As of the end of December 2018, the water driving and control rates are 76.7% and 92.6% respectively. The comprehensive water content is 70.5%, and the recovery degree is 18.87%. At present, the formation pressure is 10.7 MPa, maintaining the level of 111.49% of the original formation pressure, and the plane distribution is relatively balanced.

3 Fluid Properties and Fitting

Chang 6 fluid in ansai oilfield has good properties, density of crude oil is 0.84–0.85 g/cm3, viscosity 4.8–7 MPa S. freezing point 19–22 °C, The saturation pressure of crude oil is 4.65–6.79 MPa, the gas-oil ratio is 54–79 m3/t, and the volume coefficient is 1.15–1.21. The average molecular weight of crude oil obtained from the original gas component and original oil component provided by the oilfield is 164.7885. The original gas-oil ratio in this area was 79.1 m3/t, and the density of degassed crude oil was 0.8403 g/cm3, as per the standard. The volume of 1 mol gas in the quasi-state is 22.4 L, and the fluid composition and content of chang6 wangyao reservoir can be calculated (see Table 1).

Table 1. Fluid composition and content in chang6 wangyao reservoir

Through fitting the bubble point pressure, dissolved gas-oil ratio, crude oil viscosity and volume coefficient of the fluid in wangyao chang6 reservoir, the pseudo-components that conform to the characteristics of the fluid phase state of the reservoir are obtained, and the parameters of the equation of state are obtained (Table 2).

Table 2. Critical characteristic parameters of quasi-component fluid in chang6 wangyao reservoir

4 Minimum Miscible Pressure Test

Thin pipe simulation is a one-dimensional model formed by simplifying the reservoir to the maximum extent. Its function is to provide a continuous contact environment for the oil and injected gas in the porous medium, and to eliminate the influence of unfavorable mobility ratio, viscous fingering, gravity separation, lithological heterogeneity and other factors as far as possible. The minimum miscible pressure obtained can represent the measured oil and gas system. According to the actual gas-oil ratio, the formation oil was allocated. After the 1.2pv injected gas (volume under injection pressure) was injected into the thin tube experiment, the displacement was stopped, and the minimum miscible pressure of CO2 injection in this area was 11.8 MPa (Fig. 1).

Fig. 1.
figure 1

Miscible pressure diagram of carbon dioxide injection in thin tube experiment in Ansai Oilfield

The mechanism model was established based on the average physical parameters of the wangyao experimental area, and the oil displacement efficiency of CO2 injection was calculated by numerical simulation method.

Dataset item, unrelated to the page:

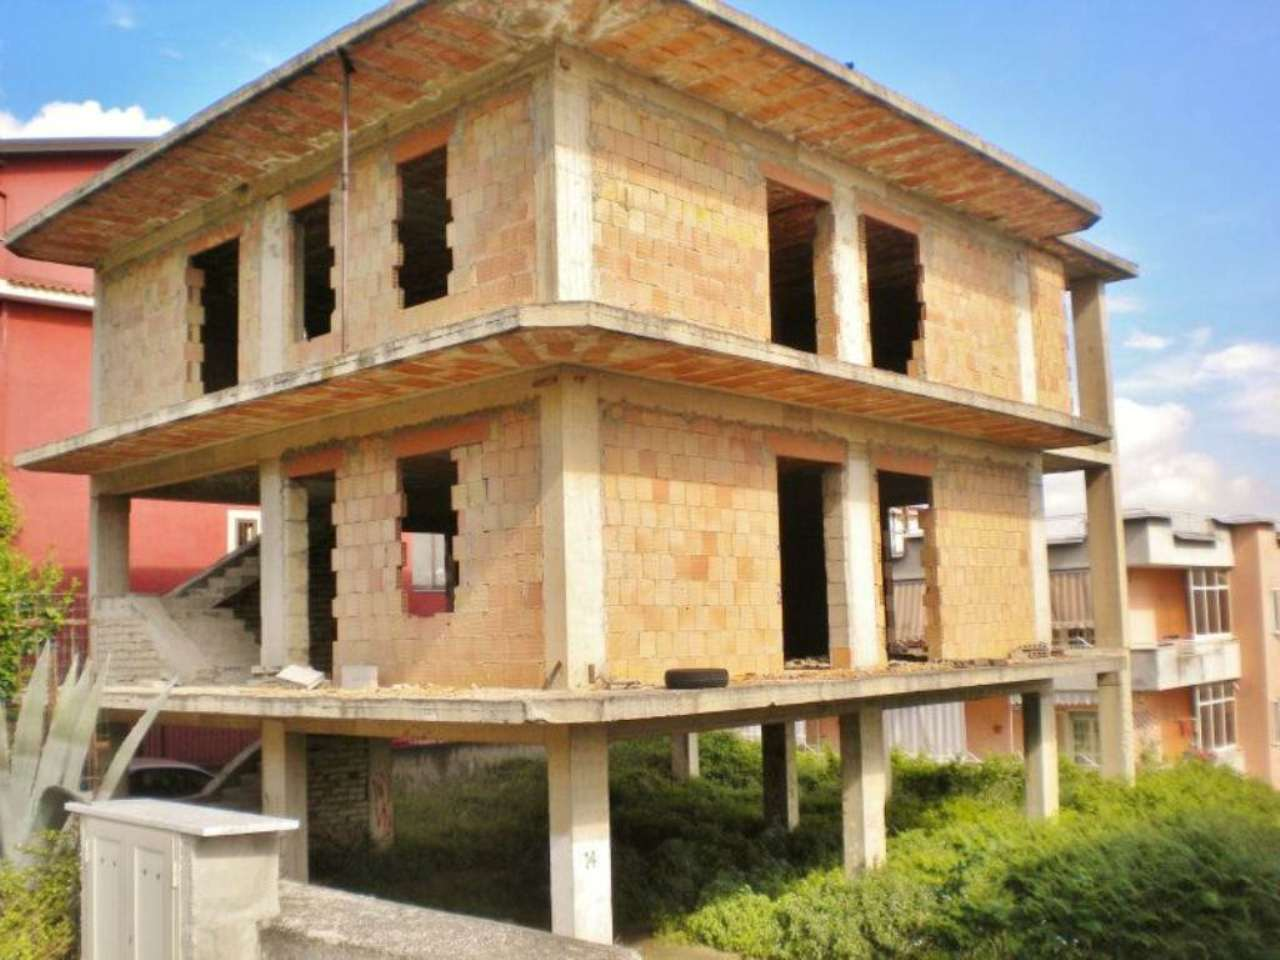 Immobile Commerciale in vendita a Quarto, 20 locali, Trattative riservate | Cambio Casa.it

The minimum miscible pressure of CO2 flooding in this area was predicted to be 12 MPa, with an error of 1.69% compared with the experimental results.

At present, the average formation pressure in the study area is less than the minimum miscibility pressure, and the condition of miscibility cannot be reached.

5 History Matching

The research area is located in the west of wangyao area, with an area of 4.22 km2. There are 50 production wells and 19 injection wells. The well pattern in the gas injection test area is based on the primary well pattern. There are 5 gas injection wells (W20-08, W22-05, W20-06, W21-05, W22-03) and 32 oil Wells. The injection well pattern around the test area is complete.

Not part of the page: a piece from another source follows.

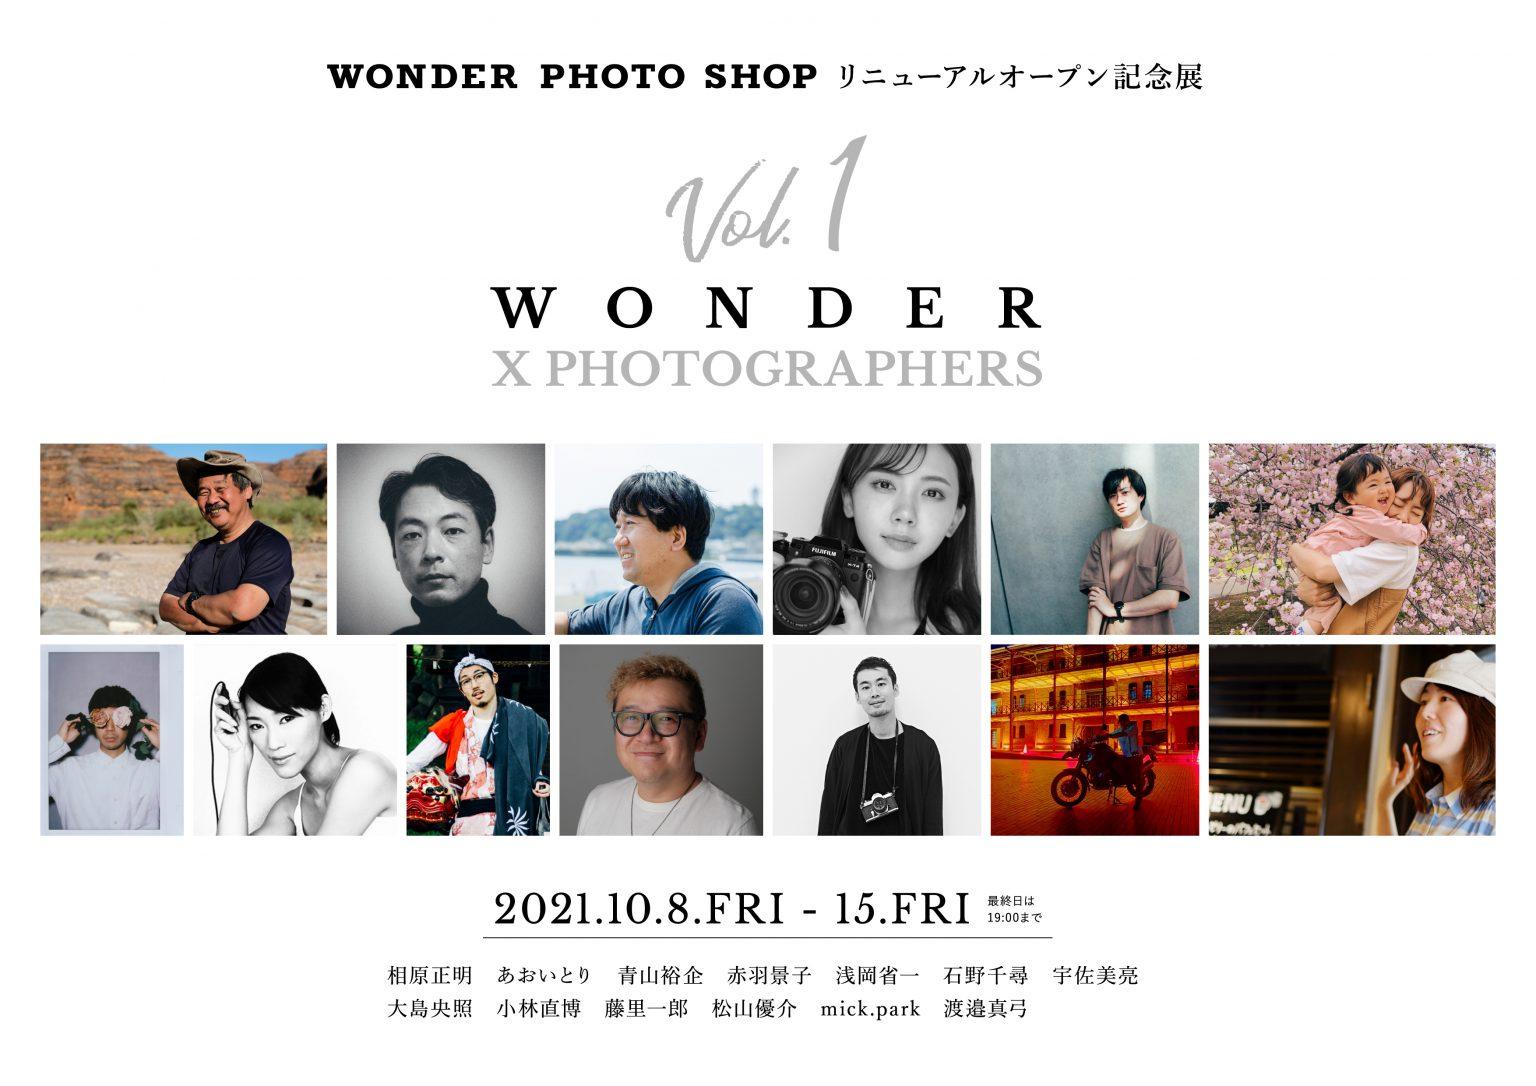 東京で作品展示10/8-10/15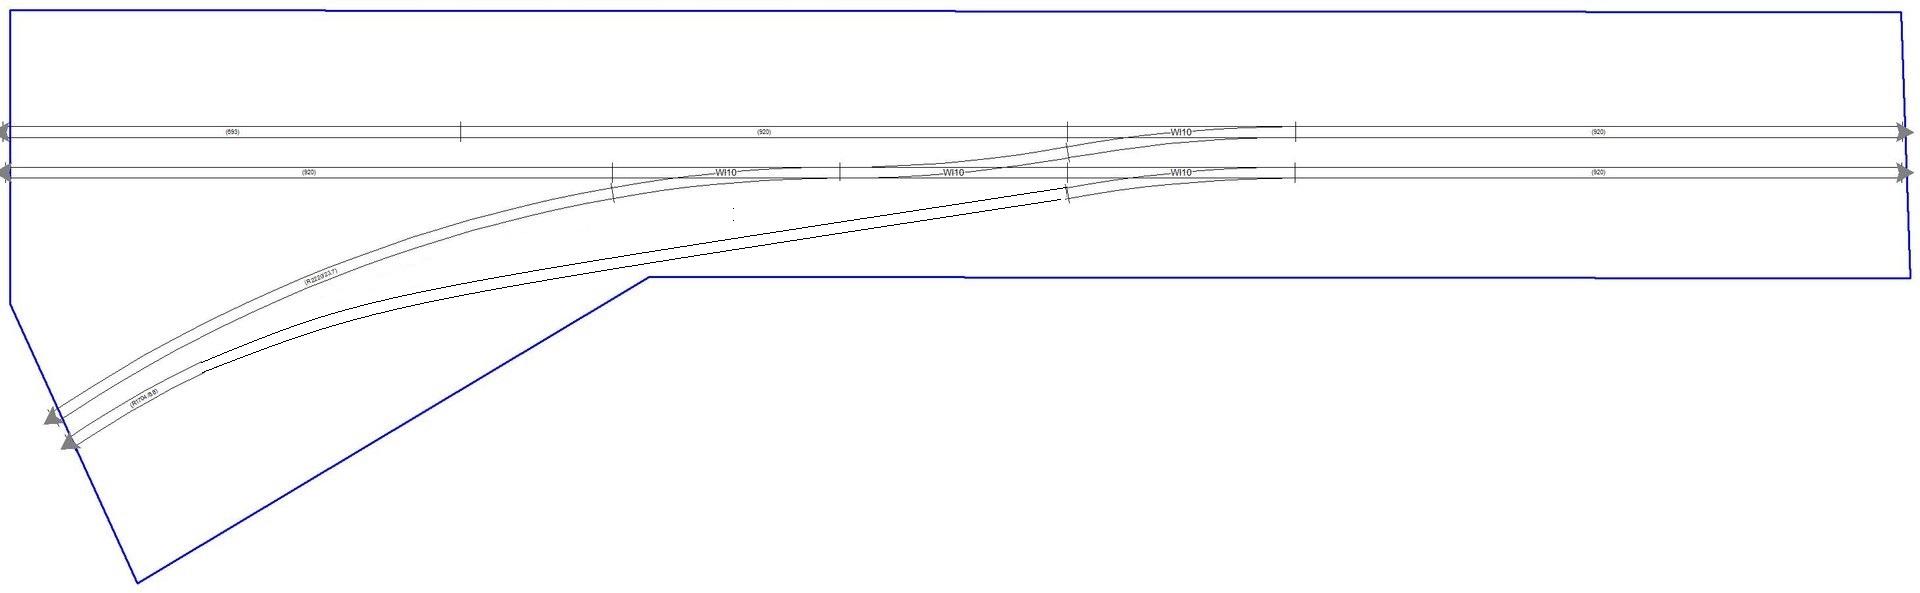 rozjazdy 2.jpg

Based on the interpretation of well logging parameters, a three-dimensional geological model was established by comparing five small layers of chang 6 reservoir with the random modeling method. The angular point grid of 30 m × 30 m × 0.5 m was used to build the model grid of chang6 reservoir in wangyao research area: 98 × 69 × 232 = 1,568,784. The main layer is chang6 1-21 sand body with continuous development, good connectivity and poor other layers. After coarsening, the basic grid step length of chang6 reservoir is 30 m × 30 m, which is vertically coarsened into 9 small layers according to the development layer system (see Fig. 2). The numerical simulation model of chang 6 reservoir is divided into 87 units in plane I direction, 67 units in J direction, and 9 units in Z direction. The total number of grids is 87 67 9 = 52461.

Fig. 2.
figure 2

Grid diagram of the attribute model in the research area

After adjustment, the geological reserves of the modeling area are 265.3 × 104 t, of which the experimental area is 83.4 × 104 t, accounting for 31.43% of the geological reserves of the modeling area.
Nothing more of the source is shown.